Courts to Proceed with Caution in Matter of International Laws
In the above case it was also observed that:"Moreover, when an interpretation of a broad, general statute would implicate foreign relations, the Supreme Court has proceeded cautiously and looked for a clear expression of congressional intent as to the statute's scope. For example, in McCulloch v. Sociedad Nacional de Marineros de Honduras[1963] USSC 19; , 372 U.S. 10 (1963), a case about the National Labor Relations Board's assertion of jurisdiction over foreign seamen, the Court declined to read the National Labor Relations Act in a manner that would raise a serious question of separation of powers, which would in turn implicate sensitive issues of the authority of the executive over relations with foreign nations. It stated that before approving the Board's exercise of jurisdiction "there must be present the affirmative intention of the Congress clearly expressed." Id. at 21-22 (citation omitted). 

Adherence to this principle will ensure that the courts interpret RICO consistently with international law. United States courts "`are not to read general words... without regard to the limitations customarily observed by nations upon the exercise of their powers.'"
 In re Maxwell Communication Corp.[1996] USCA2 753; , 93 F.3d 1036, 1047 (2d Cir. 1996) (quoting United States v. Aluminum Co. of Am., 148 F.2d 416, 443 (2d Cir. 1945)).

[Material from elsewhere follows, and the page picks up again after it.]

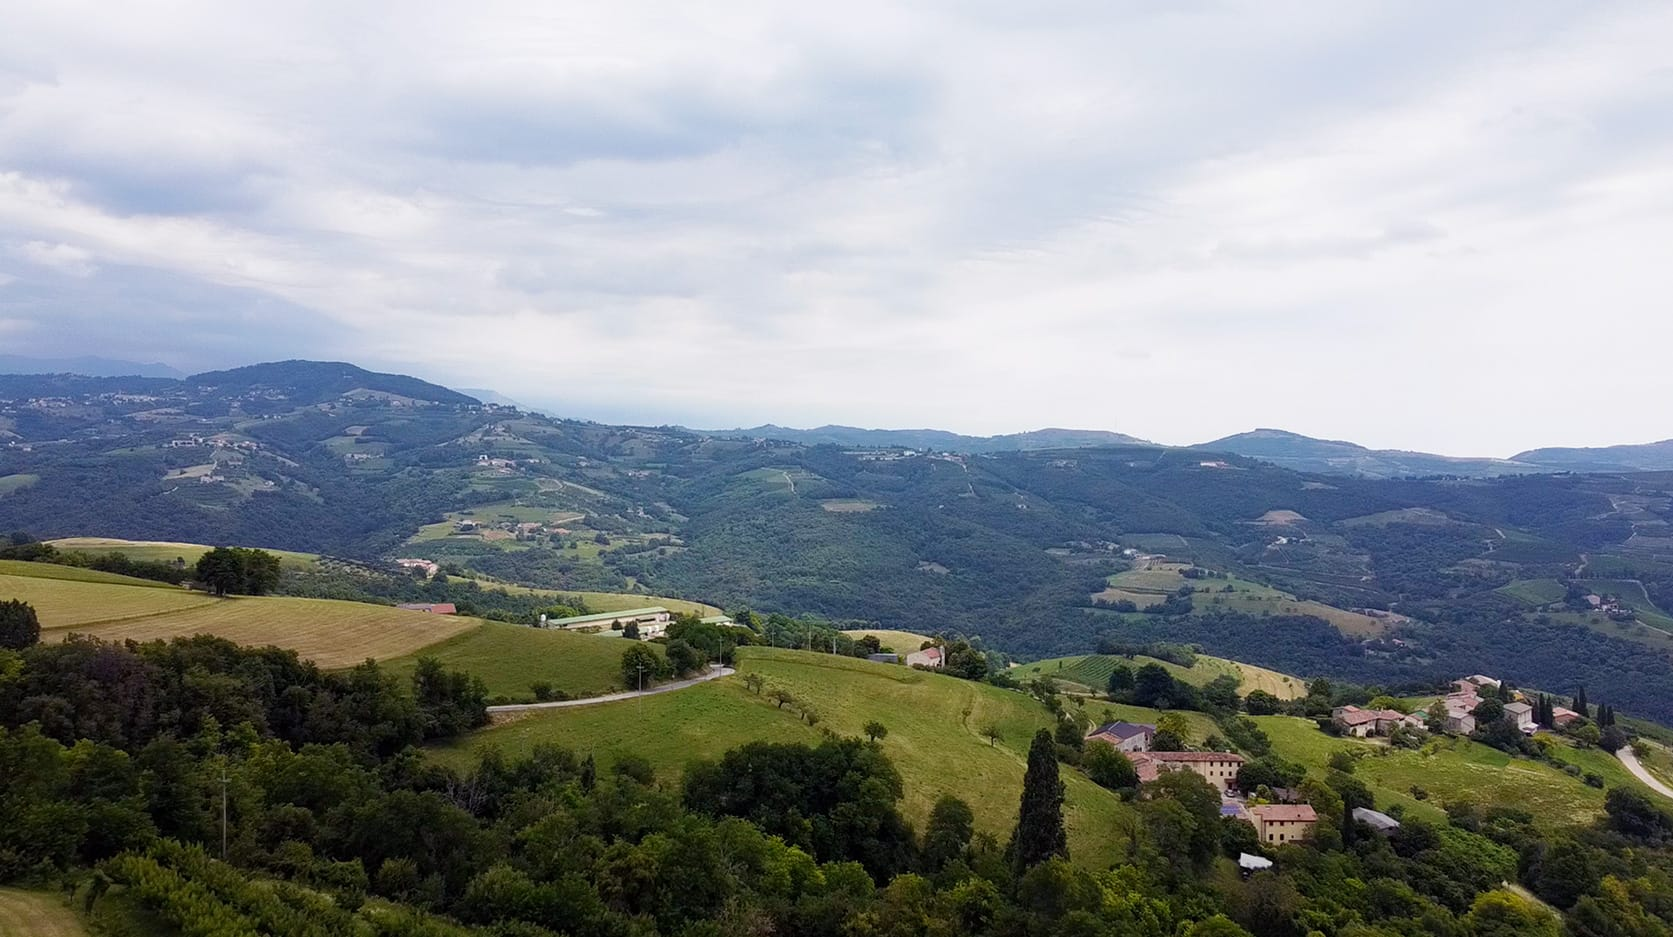 Lessinia foto aerea prato verde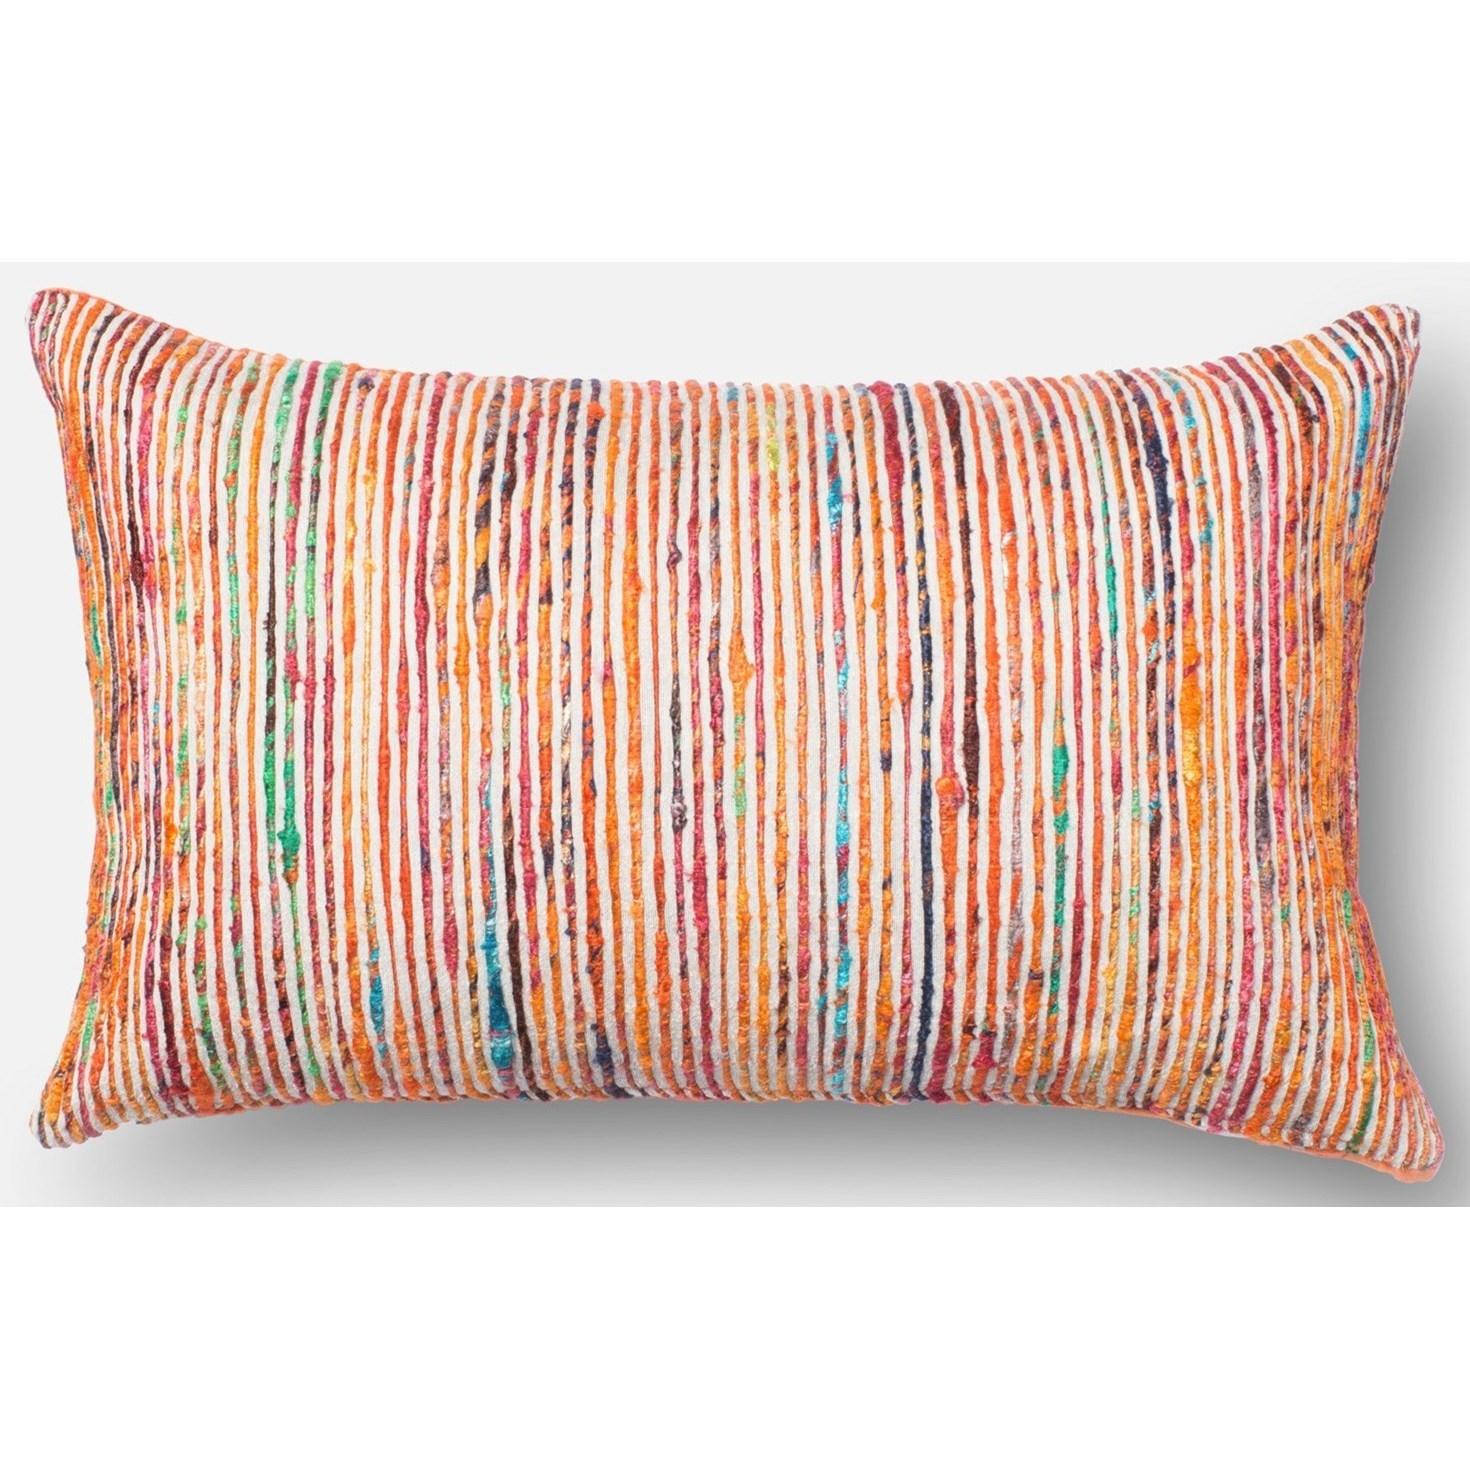 "Dhurri Style 13"" X 21"" Down Pillow by Loloi Rugs at Sprintz Furniture"

Applying these rules of construction, Canada's contention that RICO abrogates the revenue rule fails. "A party contending that legislative action changed settled law has the burden of showing that the legislature intended such a change." Green v. Bock Laundry Mach. Co., [1989] USSC 96; 490 U.S. 504, 521 (1989); see Tome v. United States, [1995] USSC 2; 513 U.S. 150, 163 (1995) (plurality opinion) (quoting Green). We respectfully conclude that Canada has not carried this burden. The language and structure of RICO and its legislative history offer no hint that Congress intended the statute to afford a civil remedy to foreign nations for the evasion of foreign taxes.